There’s a lot of DSP power on the XMOS chip, and we should be able to tweak parameters re-configure the seven microphones to perform under different circumstances. It turns out the binary firmware installed on the ReSpeaker mic array is set up with a series of HID registers for parameterized control and data access. Out of the box, you can ask the mic array for statistics about the voice input, or change features of the acoustic processing in real time. To demonstrate, I built a simple C or Python (your choice!) script that wraps a USB HID library to get access to the registers of the mic array. For example, if you run the Python example, you can record audio while also seeing the detected angle of the voice (where in space the voice source is) as well as when the device detects speech (“voice activity detection” aka VAD.) Or can you can make all the LEDs glow different colors, change the gain control, bypass the DSP, and a lot more. Check it out!
The code uses the hidapi library to access USB HID registers on the mic array device. You can write or read to USB HID registers using a pretty straightforward socket-style approach. For example, reading the status of something (say, the automatic gain controls’ current dB, or the state of an onboard LED) involves writing to a request register and then reading it back:
Luckily, the developers behind the ReSpeaker uploaded a Microsoft Excel file to one of their GitHub repositories with all of the existing registers that their firmware supports. It’s a bit hard to read, but here it is in CSV form.
You can see you have access to a lot of LED control, and then all sorts of parameters involving beamforming, reverb, echo removal, noise removal, gain control, delay estimation, VAD status, and voice angle.
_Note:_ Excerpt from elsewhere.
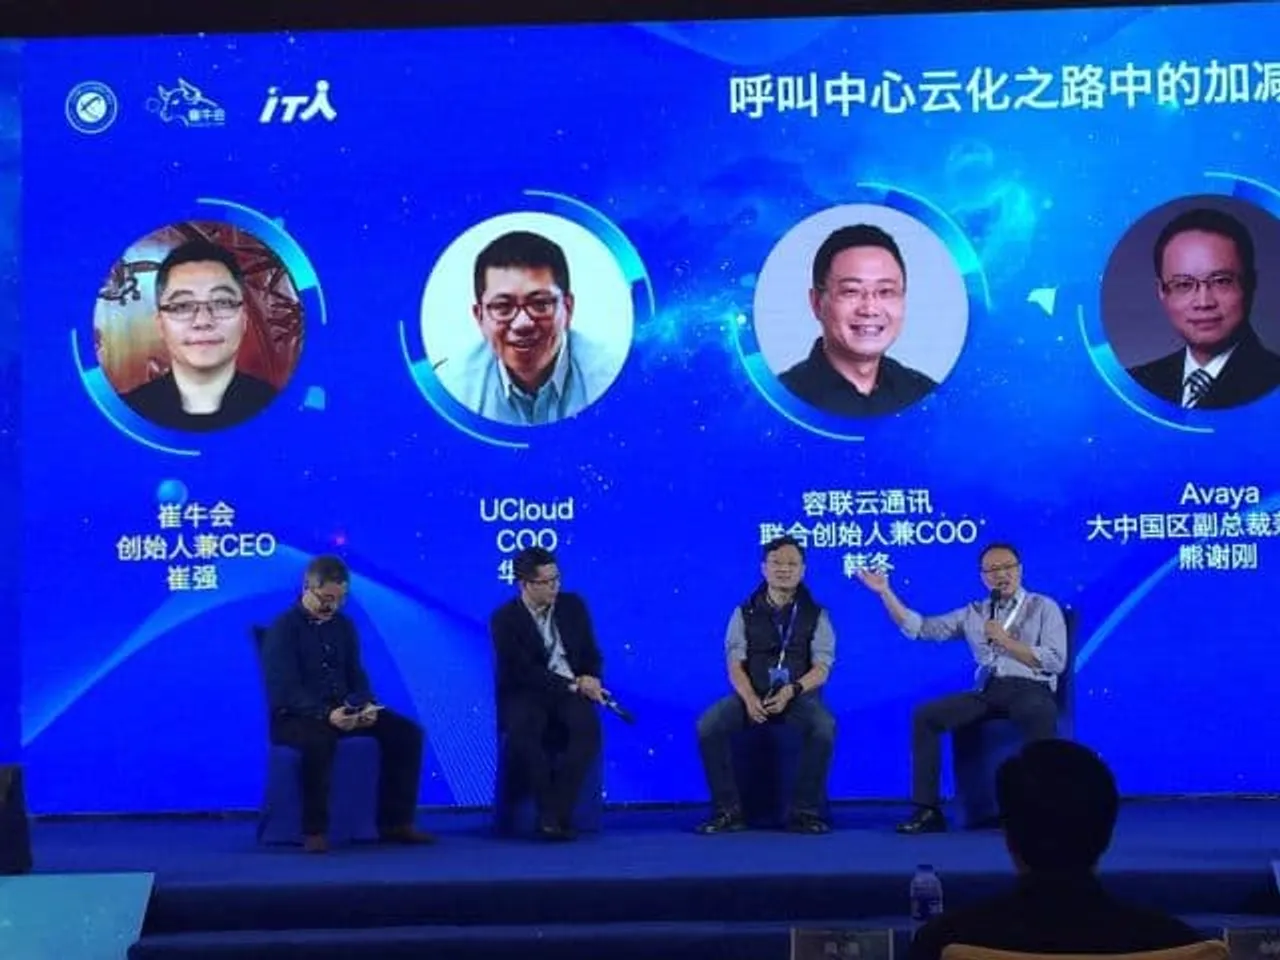 Avaya Yuntongxun and UCloud jointly launched A Cloud

Voice angle and VAD are great demos of a microphone array: one can predict from the arrival of data (aka TDOA) into each microphone where the angle of approach of the sound is. Likely, the XMOS firmware is using a variant of GCC-PHAT. Here’s a run of the Python script where I stood around the microphone at different positions in my office:
Note that in this Python example I’m using a “auto report” register: this is data being sent by the USB HID (the ReSpeaker mic array) no matter if it is being asked for or not, on register 0xFF. In this case, the mic array is broadcasting the very useful data of VAD status (“is there voice coming in right now”) and voice angle (“where is the voice coming from?”) as soon as the VAD status changes, without the USB host having to ask for it. You can also simply ask for the angle or VAD status by querying the registers whenever you want.
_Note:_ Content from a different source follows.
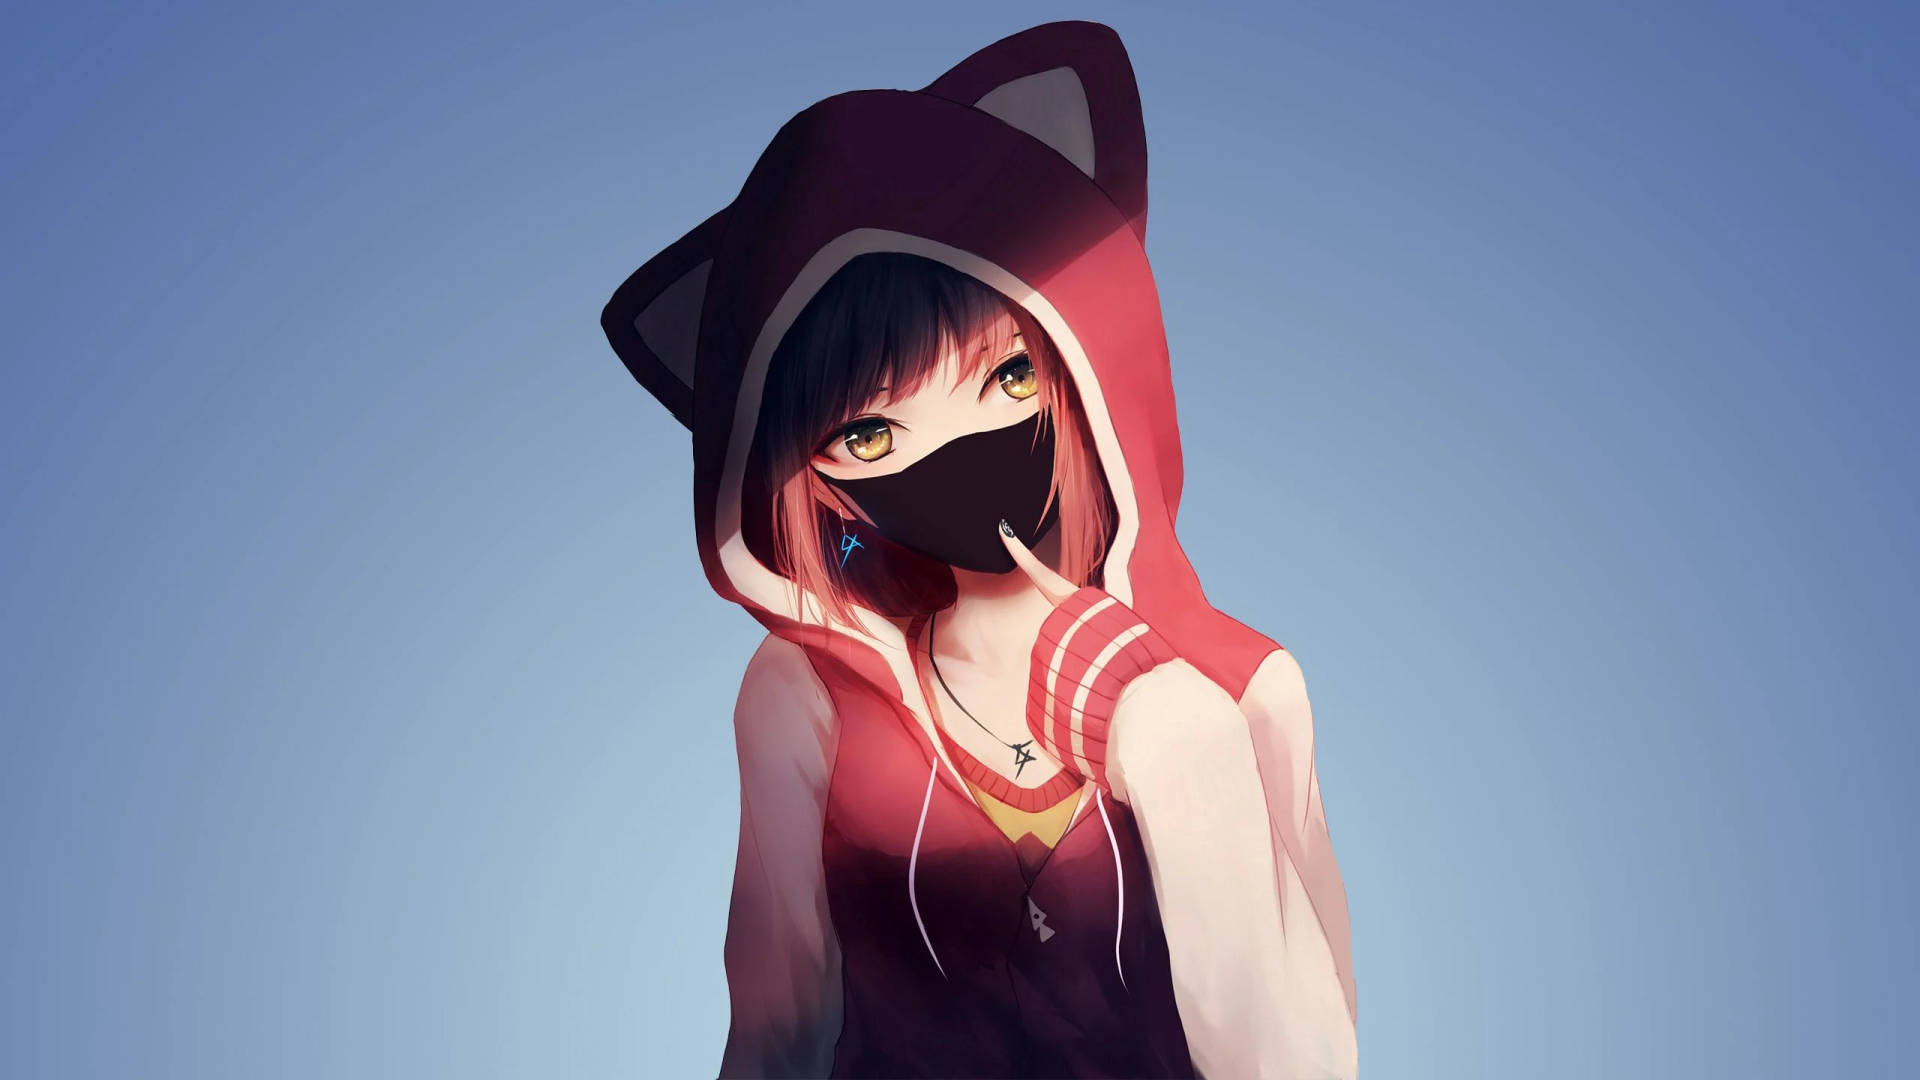 Anime Girl Hoodie With Black Mask Wallpaper

For those that want to dig even deeper, XMOS maintains an Eclipse IDE based tool to build new firmware called xTIMEcomposer. The ReSpeaker team also released a DFU flasher to install new firmware on the array. This could make building new types of microphone processing easy.
Using this mic array alone with a more powerful computer (or even a more powerful embedded Linux board like a Raspberry Pi 3) could get you much closer to a home Echo that doesn’t have to “phone home” (to Seattle or Mountain View.) Or you could transmit the voice audio to your own servers. I look forward to the community’s exploration of solid acoustic hardware applied to homegrown ASR & natural language understanding applications, going beyond what the current voice control devices let us do.